I can hear the eyerolls from here. Go ahead, Lili. Tell us how you’re having trouble writing in this lovely nest you’ve created. Poor little you! Enjoy it! Stop whining!


It’s not that I’m having trouble, precisely. It’s that I’ve spent my life writing in the spaces-between, and having actual space now is somewhat…unsettling. It’s like having a variety of the bends. I’m used to contorting myself into the smallest possible ball and having to fight tooth and nail to concentrate long enough to get a chapter in. Working for so long in those pressure-cooker conditions, no wonder I’m feeling a bit bug-eyed now that the lid’s been popped and I’m where I set my sights on being.


I am not complaining, just to be crystal clear. I love this. I would not trade it for anything. I certainly don’t want to go back to that pressure cooker, no way, nohow. I endured being married to a man who didn’t want to work, with two small children to feed and oh my God what am I going to do? I would sooner dig my own eyes out with cafeteria sporks than go back, I worked like hell to get out.


It reminds me of the Tombs of Atuan. To be reborn, you must die. It’s not as hard as it looks from the other side. Change is scary, and change in an area that defines a lot of me–writing is not just something I DO, it is an integral piece of my identity–is exponentially more terrifying than just the garden variety hey, I gained a couple pounds or something.


The conditions under which a writer writes become their own set of necessities after a while. The engine that drives creation has varying levels of complexity (and no, that doesn’t excuse Speshul Snoflake-ism; there’s a whole blog post there but it will have to wait) but two constants, just like a car: it needs periodic maintenance, and it needs fuel. If it is broken in under certain conditions and those conditions change, its tune-ups and fuel probably need to change with it.


Which brings me to what I wanted to talk about. I rarely hear other writers talk about difficulty during a change in writing spaces or rituals, but I’m sure I can’t be the only one. (Or, you know, maybe I’m an alien freak, that’s not entirely out of the question.) The only cure I’ve found so far is sheer persistence and habit, the same as always–ass in chair, fingers on keyboard. The fact that the chair is now an office chair instead of a papasan and the keyboard is an actual keyboard instead of a laptop balanced on my knees doesn’t matter.
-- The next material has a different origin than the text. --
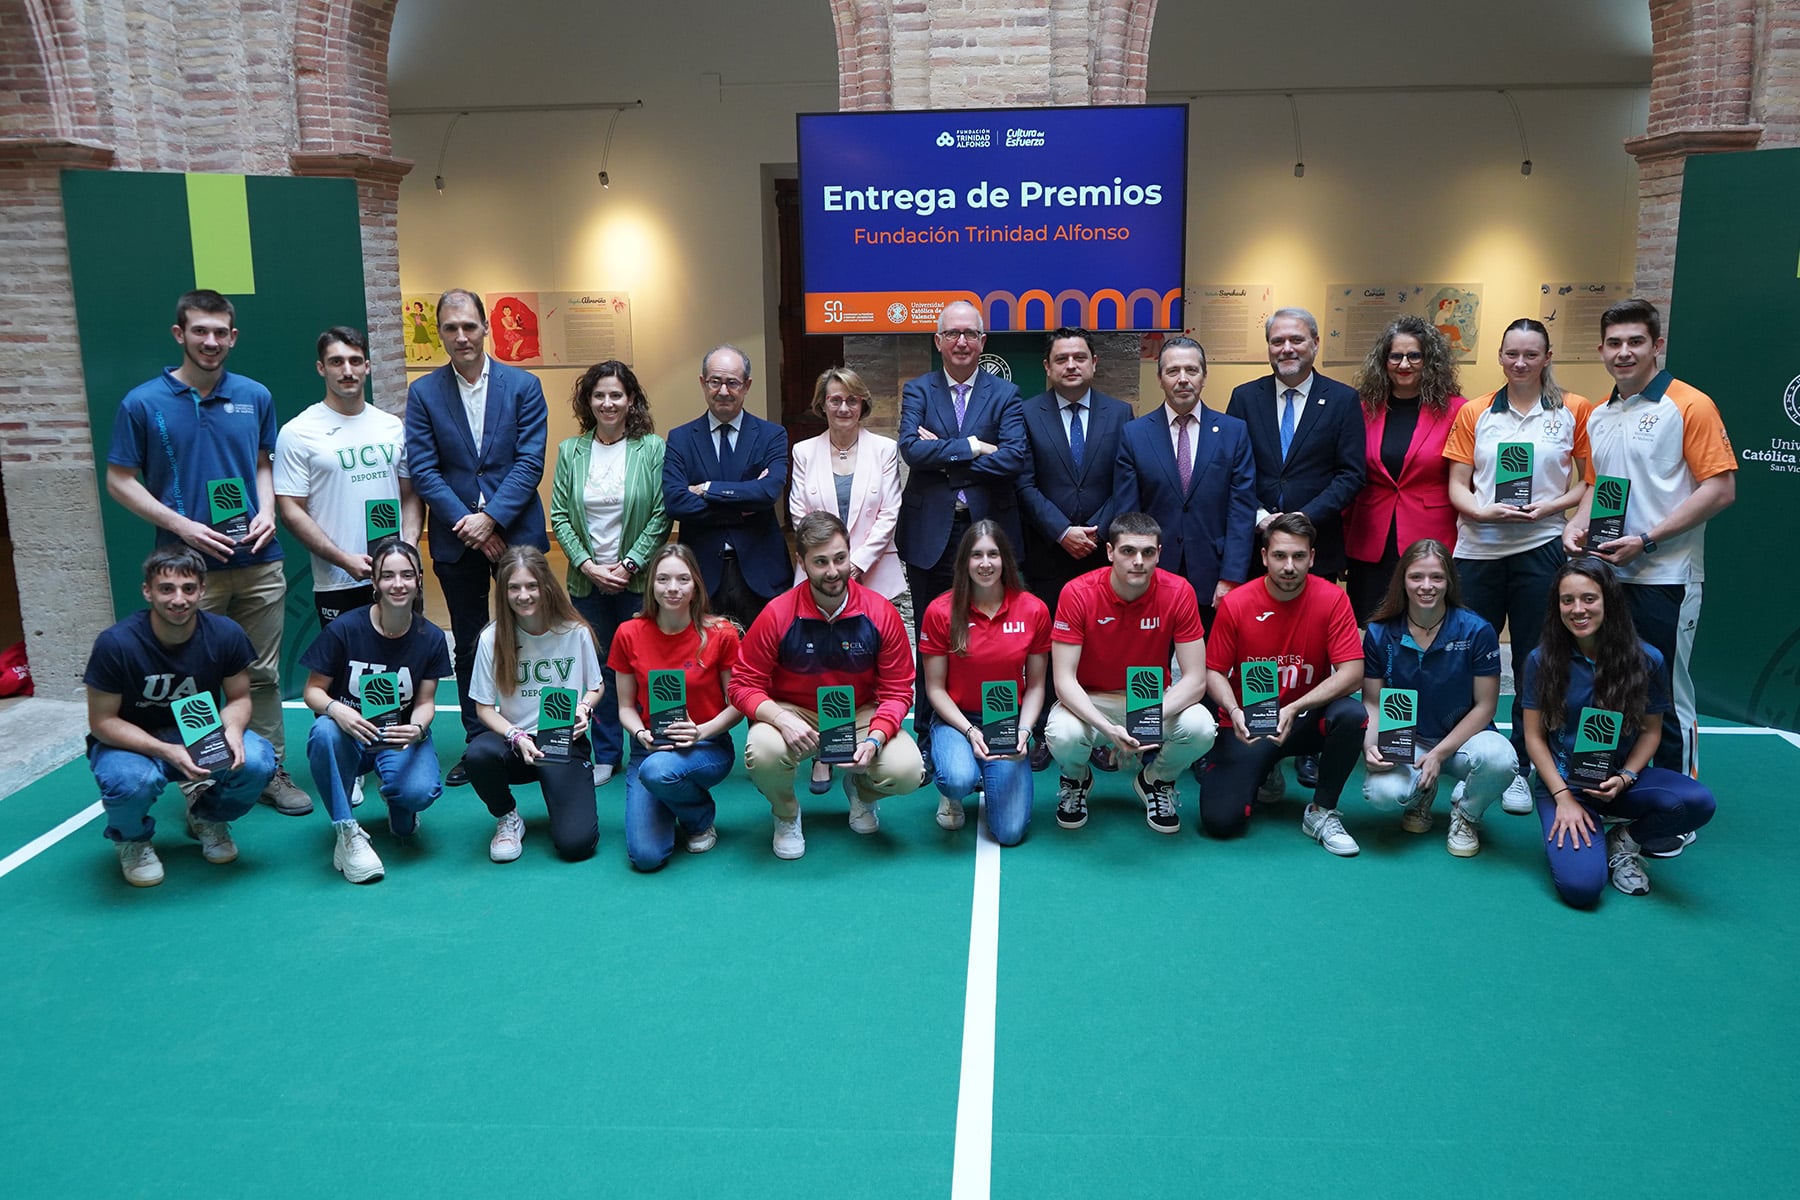 Las universidades de la Comunitat Valenciana y la Fundación Trinidad Alfonso vuelven a unir sus fuerzas en UniEsport 2024

Or maybe it does. When you’re used to working furiously, shutting out all the noise around you, fighting hard to claim and catch your own little slice of the world, the sudden freedom and quiet is overwhelming. Maddening. All that pressure, all that focus, is a searchlight with a fiery glow–you don’t feel the heat unless you’re standing right in front of it, and then it’s unbearable. Finding just the right distance from the searchlight is trial and error, and it takes knowledge of one’s own working style and comfort levels.


I know I can write in bathrooms, stairwells, between the demands of people needing to be taken care of. What I’m less sure of is how to deal with it when I actually have space and the demand is that, just simply, I write. I’ve moved the office around a couple times, searching for the right configuration. There’s a proper desk–never written at an actual desk before, my previous writing table was a nightstand–and my back is not to the door. Everything I need is within easy reach, except the comfort of habit and familiarity.


A human being is a complex system, writing is a complex system, and when the two get together all sorts of weird and wonderful irrational things happen. Managing that weirdness ona day to day level is the only way to produce reliably. First it takes the willingness to do so, and the absolute refusal to quit despite discomfort. What I’m left wondering is, how difficult is the refusal to quit despite comfort itself? I’m reminded of Bukowski commenting that a man writes better on a full stomach than an empty one, and Julia Cameron’s insistence that the myth of the tortured artist is just that, a myth.


Before, I felt guilty because writing was stealing time and attention–my upbringing had raised me to insistently believe that my only value was how much I could take care of others and negate my own desires. Now I feel guilty because I have this wonderful office, this space all my own, and I have the gall to find things just as difficult. Only the scenery’s changed. The problems are still there, because they’re mine, I’ve paid for them, and isn’t that what Stephen King says? What you pay for, you own. It could be that this is just the same old seductive timesink of procrastination, that Lernaean Hydra of the creative life. The only cure is to go straight through, to get to work and stay there.


But I would be lying if I said it was easy. So much about writing is just stubbornly refusing to know when to quit.


What about you, fellow penmonkeys? Do you have trouble when your writing space changes? If you have, how did you find your way through it?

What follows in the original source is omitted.